Willie G.(in his youth above) is 78-years-old, suffers from Type 2 Diabetes, and has worn hearing aids in both ears for the last 25 years. He is the grandson of company founder William A. Davidson and he has been the most visible and best liked of the motor companies executives for three decades. He has been the face of the last remaining major American motorcycle company since 1981 when a group of 13 Harley executives led by Vaughn Beals Willie G. bought the failing company from AMF for $75 million.

In an interview in 2008 Willie G. diplomatically said, “Well, AMF was a very diversified company, and they had developed a huge product portfolio, including a lot of recreational equipment, and it turns out in the end that they didn’t really understand what this business is all about – how capital intensive it is, and most importantly, they didn’t understand the customer.”

The Motor Company Speaks

The Harley press release that announced Davidson’s retirement last Friday quoted Willie G. as saying “Throughout my life, I have been truly fortunate to have the opportunity to marry my passion for design with my love for this amazing brand that runs so deeply in my veins.
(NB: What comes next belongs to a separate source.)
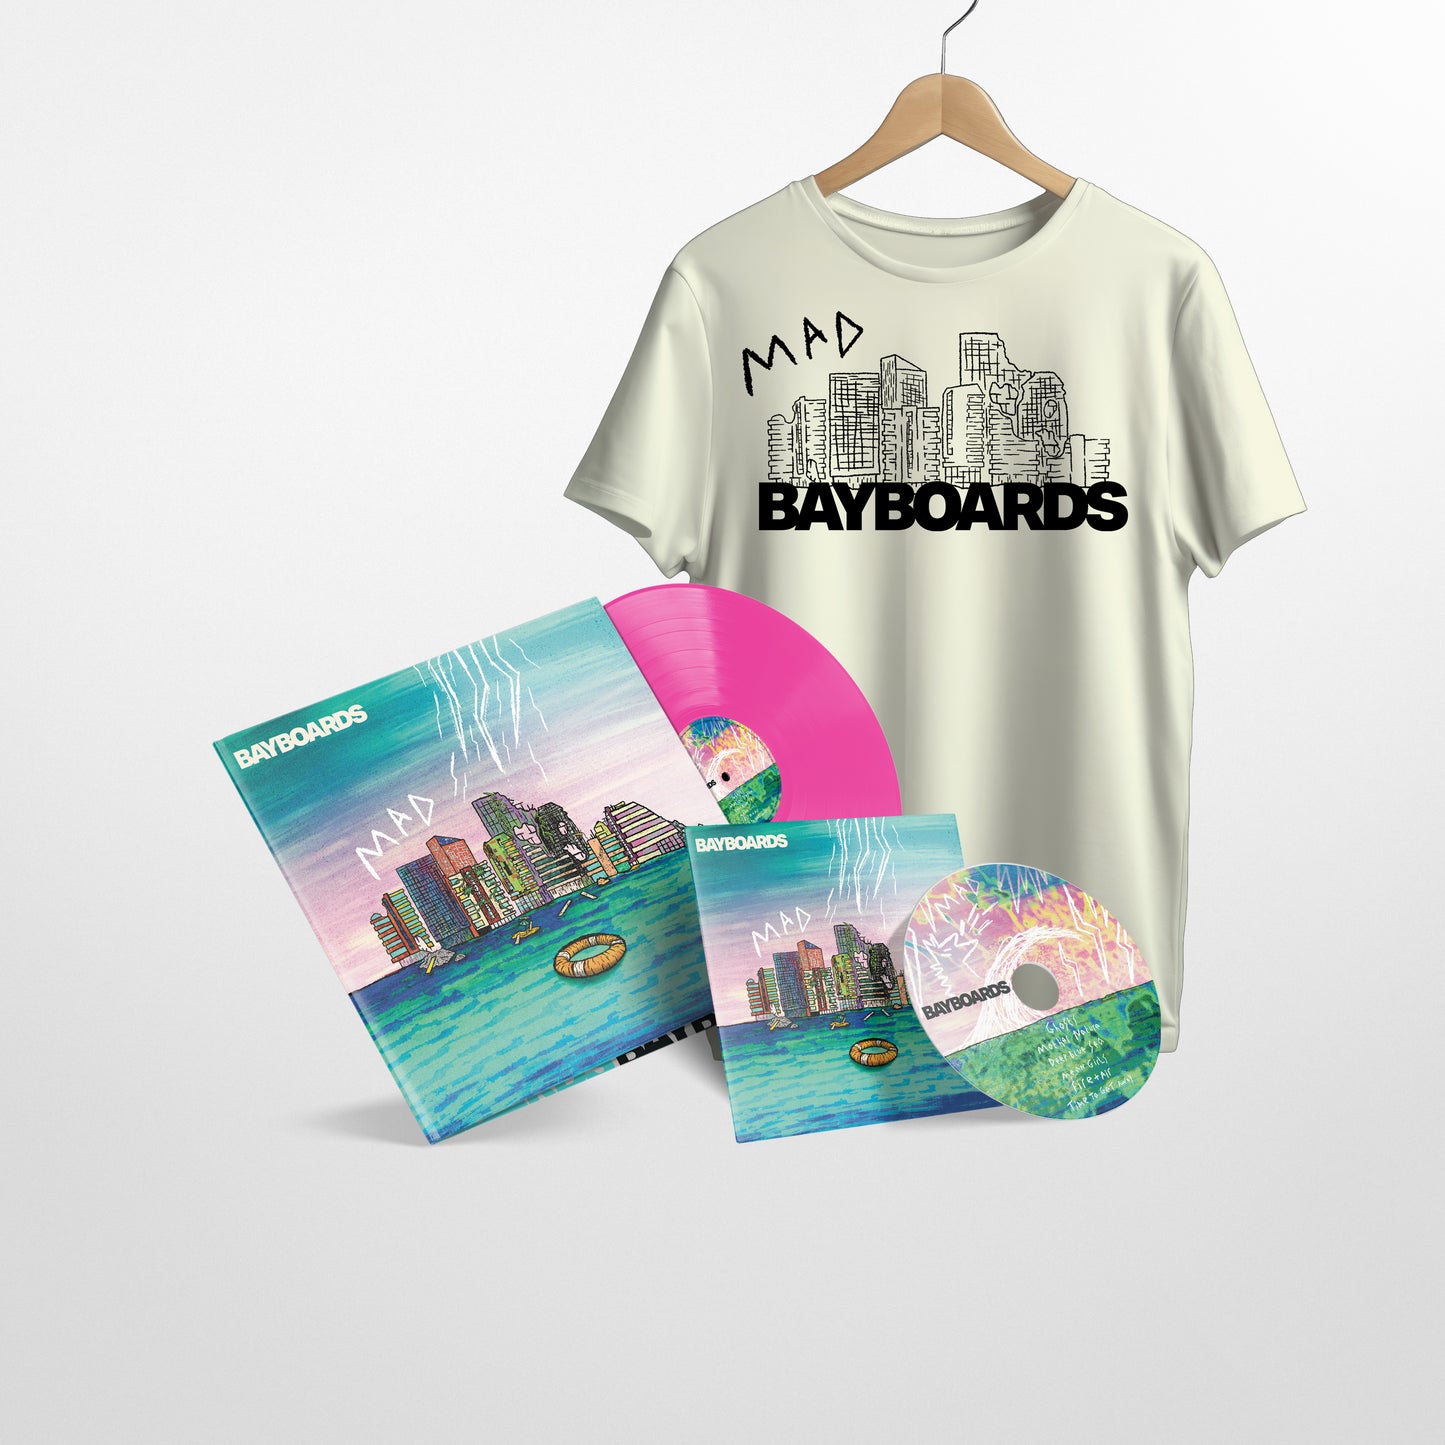 Bayboards - 'Modern Age Disaster' EP - Bundle - Pink 12" Vinyl Disc + CD + T-Shirt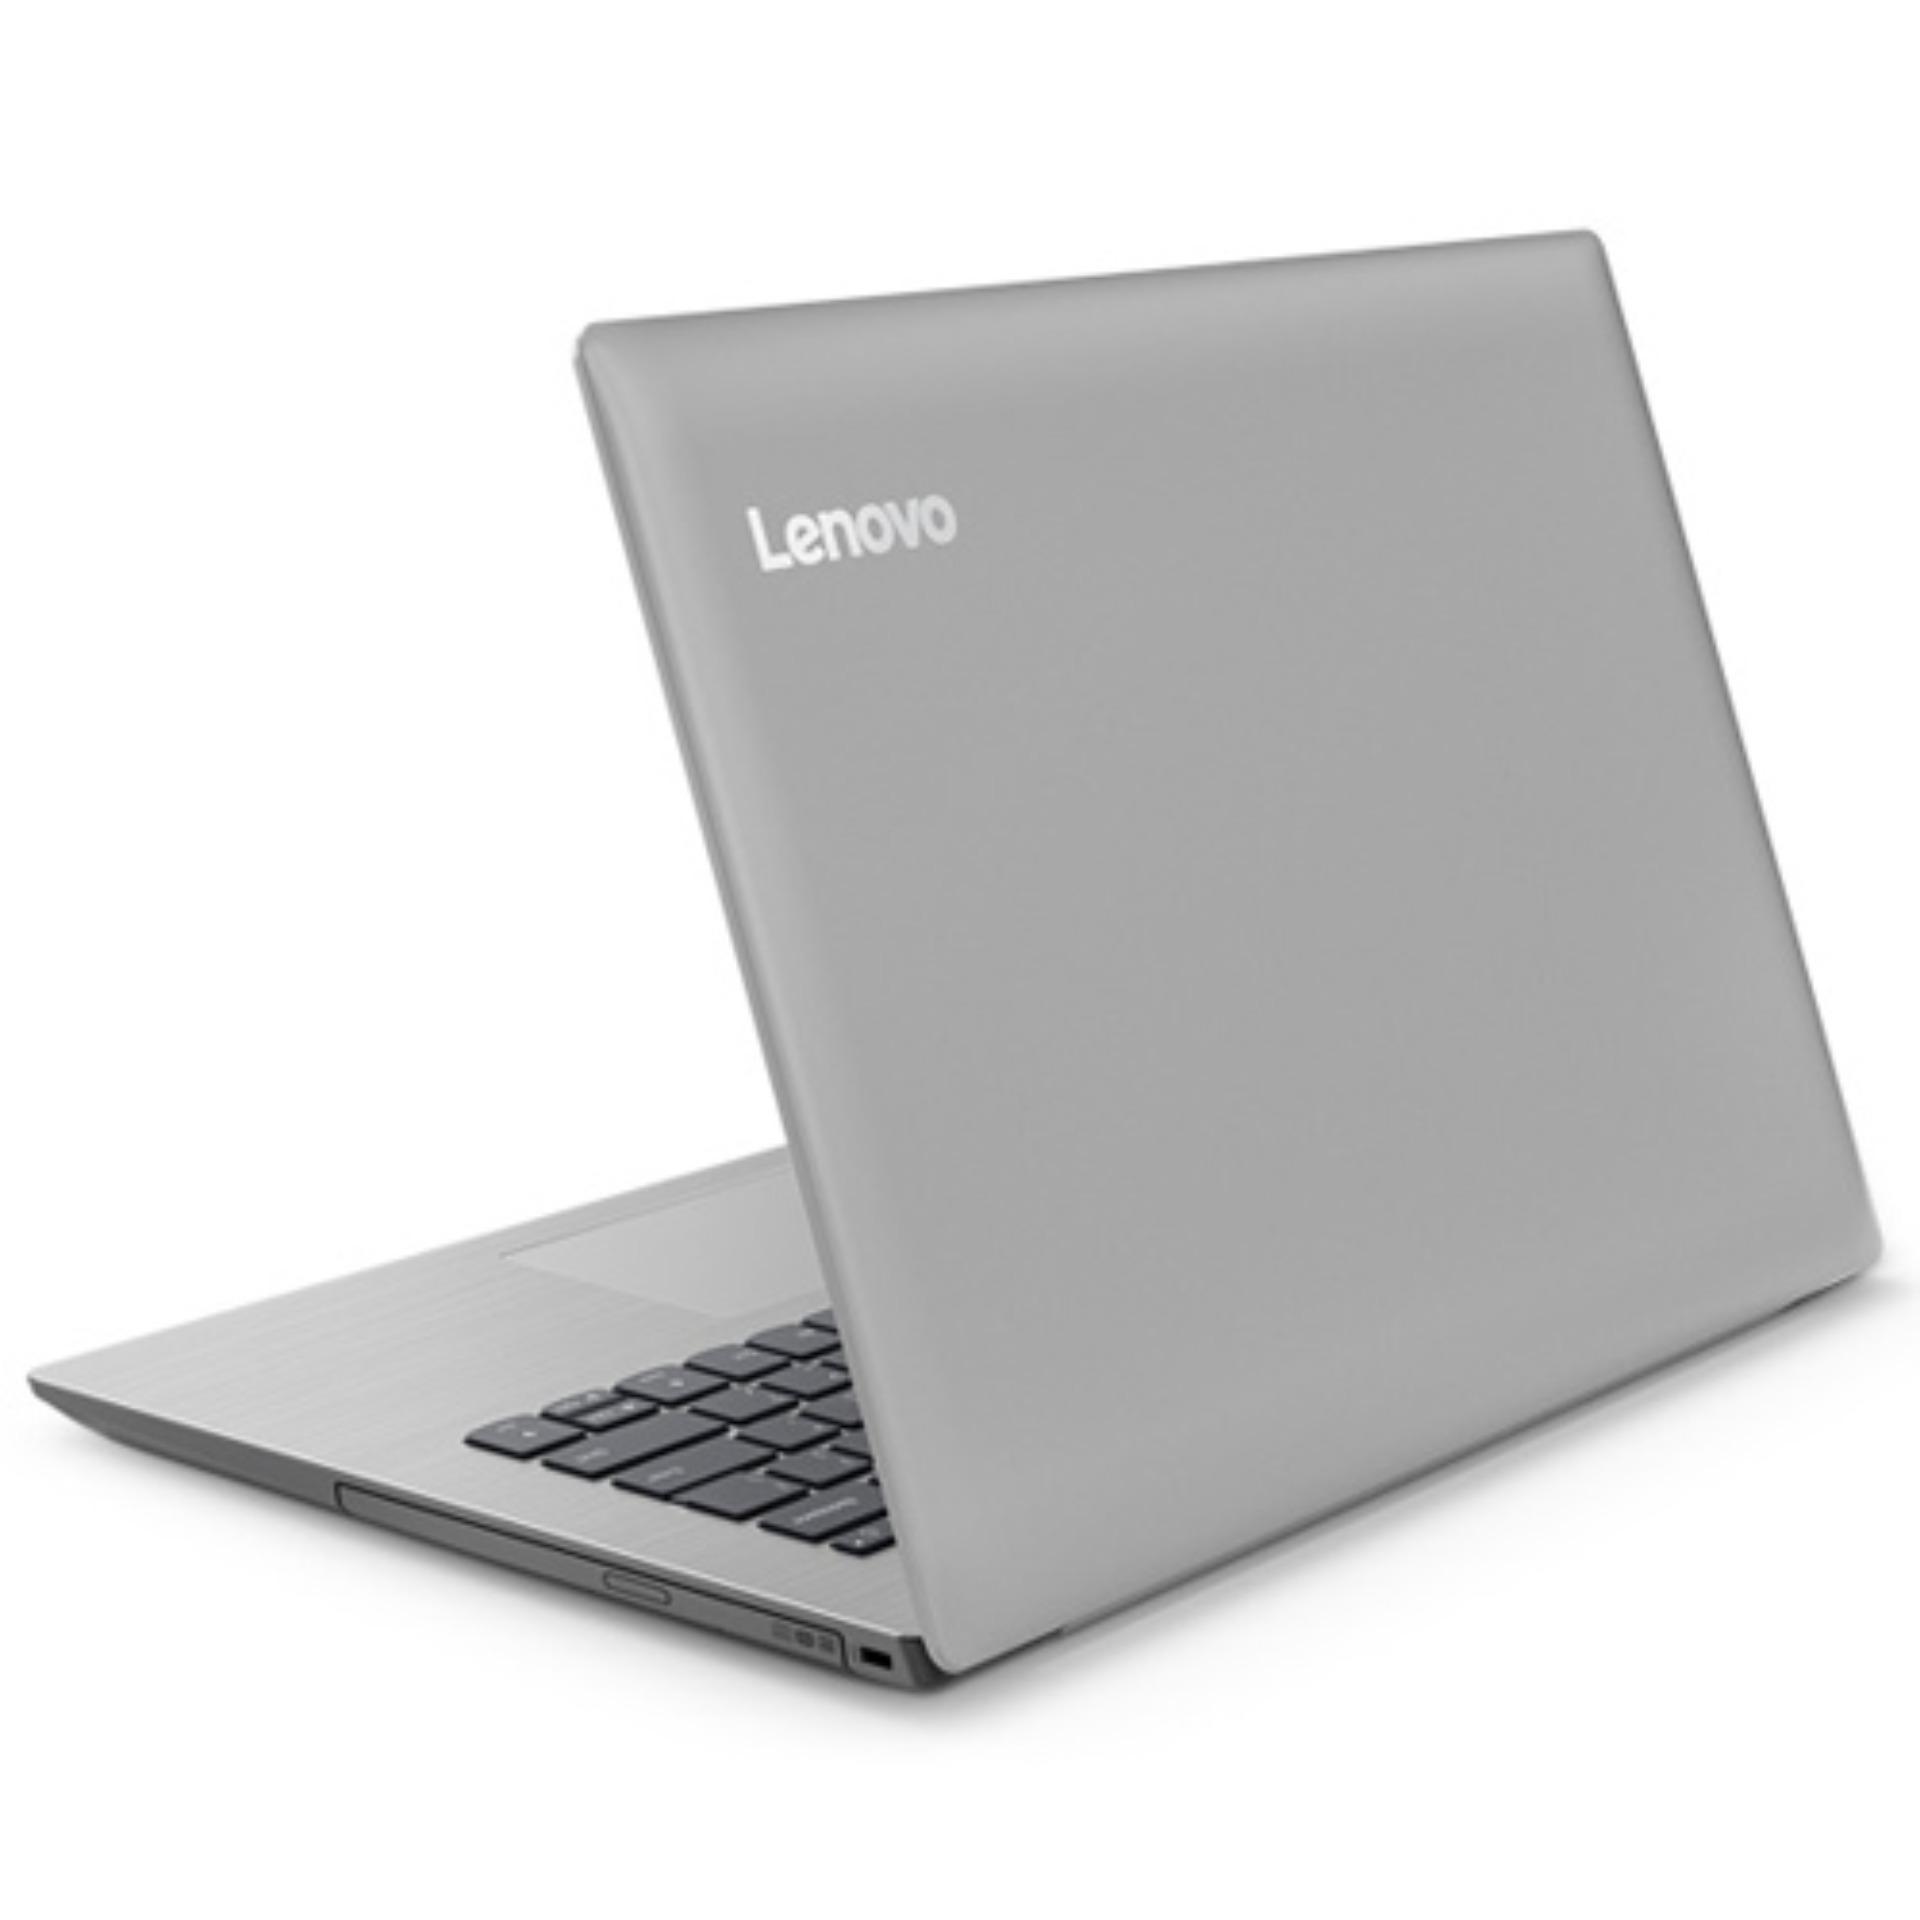 Spesifikasi Lenovo Ideapad 330 14ast 39id dan Update Harga

What’s most rewarding has been to see the impact our motorcycles have on the lives of our customers. Everything we do in styling is based on the notion that form follows function, but both report to emotion.”

Davidson had previously told an interviewer “The R word (meaning retirement) has never been my great desire. A lot of people count the hours until they can pull the plug. To me, it would be a reverse situation – it would kind of be going from something really exciting to maybe too much free time.”


William “Willie” G. Davidson earned a degree in art from the University of Wisconsin before attending the Art Center College of Design in Pasadena. While he lived in California he developed a life-long interest in custom motorcycles but went to work for the Ford Motor Company as a designer after college.

He joined the Harley-Davidson Design Department in 1963 and annoyed his bosses with they considered to be “impractical” designs. His first bike to make it into production was the FX Super Glide. The bike proved popular and Willie G. was promoted to Vice-President of styling in 1969. More recently he designed the V-Rod.

Current Harley CEO Keith Wandell was quoted in the company’s statement as saying, “Few individuals have the kind of impact on an organization, a brand and a lifestyle that Willie G. has had. Everyone with a love for motorcycles owes a great deal to his vision and talent, and all of us have been blessed by his presence. His legacy will continue to grow, thanks to the talent he has nurtured in the Harley-Davidson styling studio.”

Willie G., who at least a tenth of all Harley riders have probably met, said, “I look forward to spending time with riders at rallies and to my involvement in special design projects.”



4 Responses to “Willie G. Retires”

  1. Grumbler Says:

    The 1977 FXS Low Rider (dark silver) followed by the 1980 FXWG Wide Glide (black w/ flamed Fat Bobs) made quite an impression on me when they first debuted. My ’75 FLH, after I completed customizing it in ’78, looked like a sleazier FXWG albeit with 10 over tubes and 19-inch hoop. Painted it black with Plasti-Kote rattle cans, and rode the shit outta it.

  2. Junior Says:

    I ride a carb’d and lowered softail nightrain and think its the best damn bike harley ever made. If Willie G was responsible for the design and manufacture of the nighttrain, then I say THANK YOU WILLIE G!

  3. swampy Says:

    The 1971 FX with that “boat tail” fender was one ugly mutha’. jmo.

  4. Nihilist Says:

    In an interview with the New York Times in 1994, Willie G. told the reporter that “motorcycling doesn’t have a lot to do with transportation.” Step into any factory boutique these days and you’ll see exactly what he was aiming for. Of course, that asshat Arlen Ness took the idea even further. The plethora of nonsensical merchandising, all of it foreign made…not to mention the Douchebags of Anarchy. Where’s the anarchy? If the message comes from Hollywood, it’s conformity and sub-cultural commodification. Willie G. is a living example of “just because you can, doesn’t mean you should.” As far as claiming ownership of the Super Glide design, I don’t buy it. He was the one who put it on the showroom floor. I won’t miss him.